You may know of parents out there who believe that it is ok to allow teenagers to drink at home as long as they are supervised by adults. You may even be one of those parents.
These adults usually have the very best of intentions. They believe that they are teaching their children how to responsibly use alcohol. They believe that by exposing their children to alcohol, they are reducing the likelihood that their children will face problems with alcohol in their future.
The problem is that too many adults decide to use this approach because of misinformation. They form their beliefs based on what they’ve heard, but what they’ve heard is just the same myths that are repeated over and over.
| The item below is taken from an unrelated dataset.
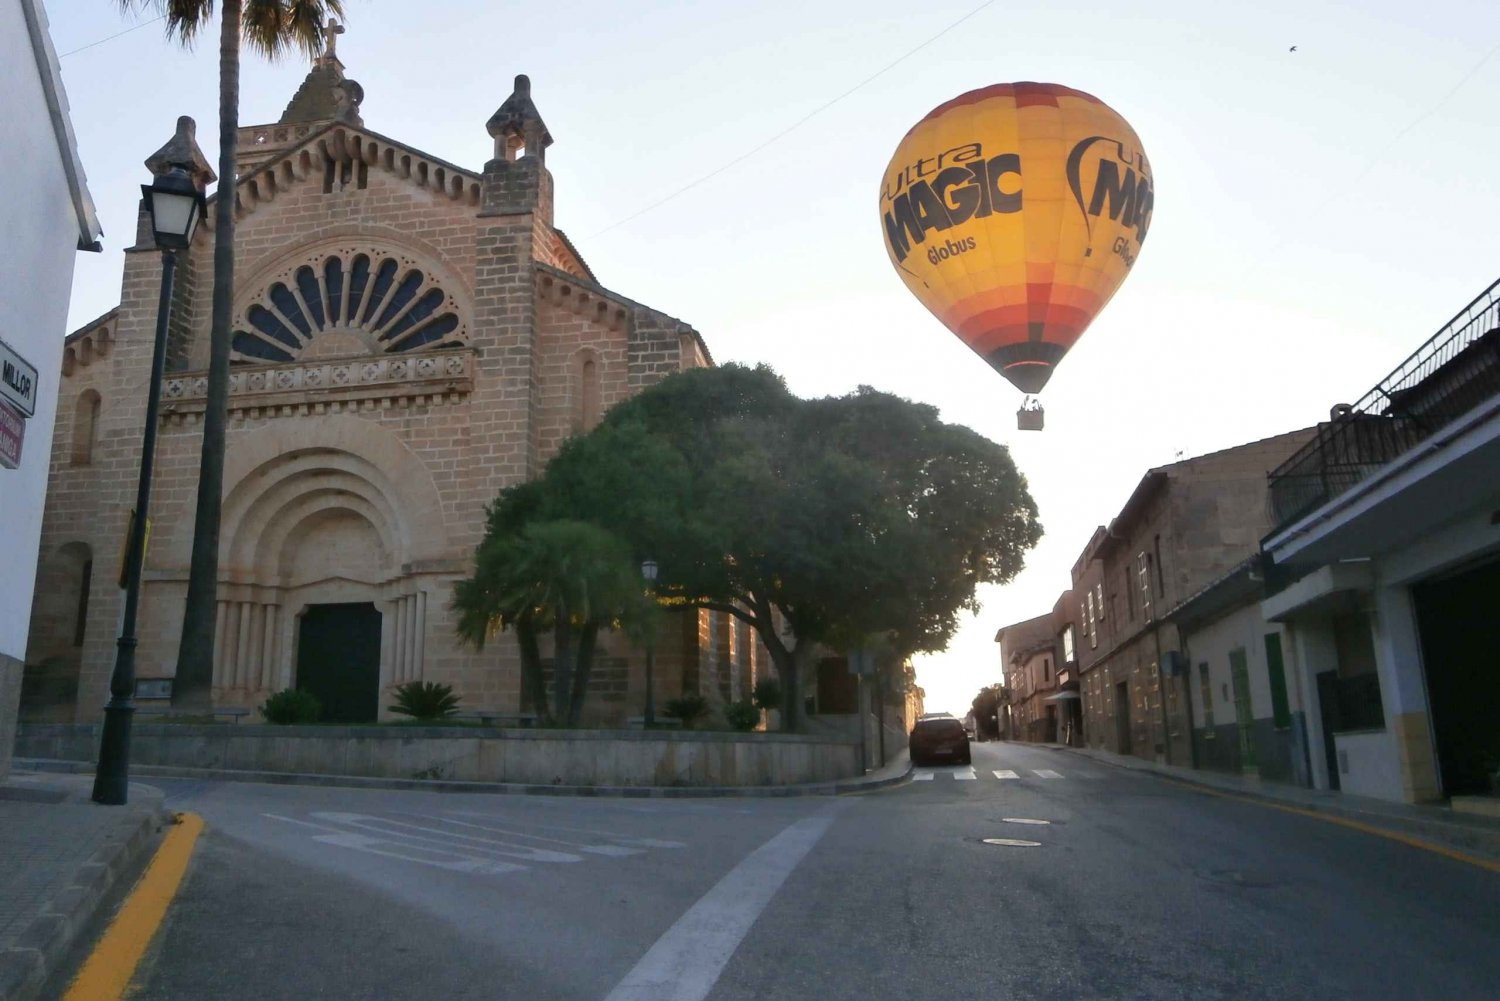 Mallorca: 1-Hour Hot Air Balloon Flight

However, there can be some very serious ramifications about this – for both the teens and for the adults involved.
Myth: Providing alcohol to teens will decrease the risk that the teen will continue drinking or start abusing alcohol in their adult lives
Truth: Statistics show that giving alcohol to teens will actually increase their chances of continued use and abuse of alcohol.
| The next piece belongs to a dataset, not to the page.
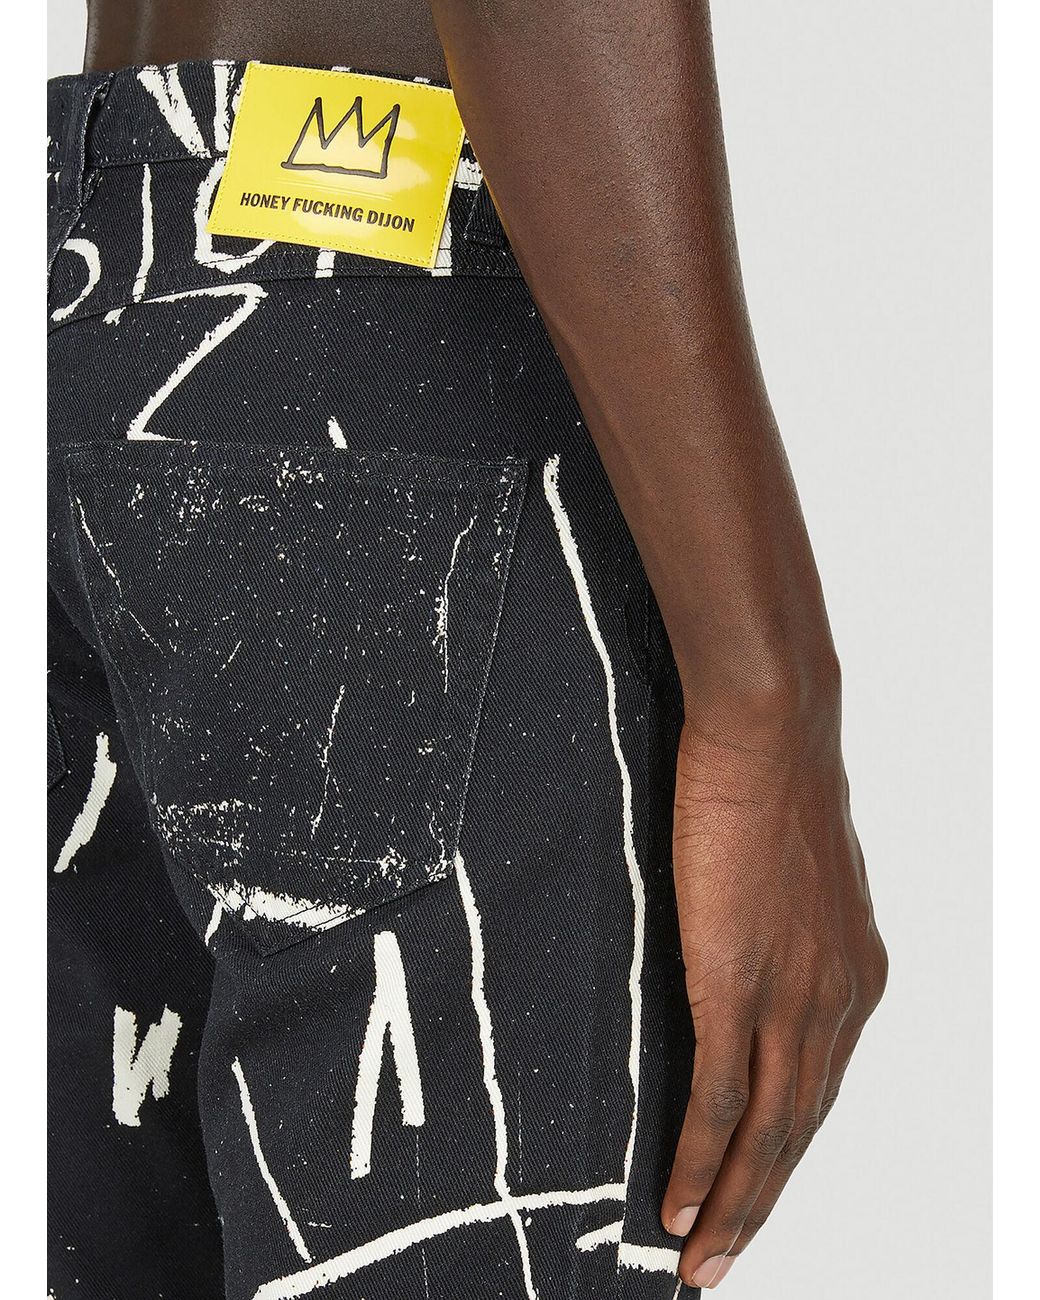 Honey Fucking Dijon Basquiat Jeans in Black | Lyst

Myth: Teens from countries in Europe learn to drink more responsibly because their parents give them alcohol.
Truth: Studies have shown that more teens in Europe reported as having used alcohol in the last 30 days than in the U.S. Studies from the World Health Organization also prove that the earlier people begin drinking alcohol, the more likely they are to become dependent on alcohol at some point in their adult lives.
Myth: If parents are too strict about letting kids drink while they’re at home, the kids will “go crazy” once they leave home and don’t have parents to stop them.
Truth: Studies have shown that the more likely kids are to believe their parents have lax attitudes about alcohol use, the more likely they are to abuse alcohol.
Myth: If parents allow their children to consume alcohol at home, they won’t drink in other, less controlled situations.
Truth: This is also not true. Allowing your children to drink at home will not stop them from drinking at other places. It actually gives them a false sense of security about the risks of alcohol and makes them more likely to drink more often outside of the home.
If you are a parent who believes that exposing your children to alcohol in a controlled, home environment is good for them… please take some time to reconsider this idea. It is doing more harm to your children than you are aware of.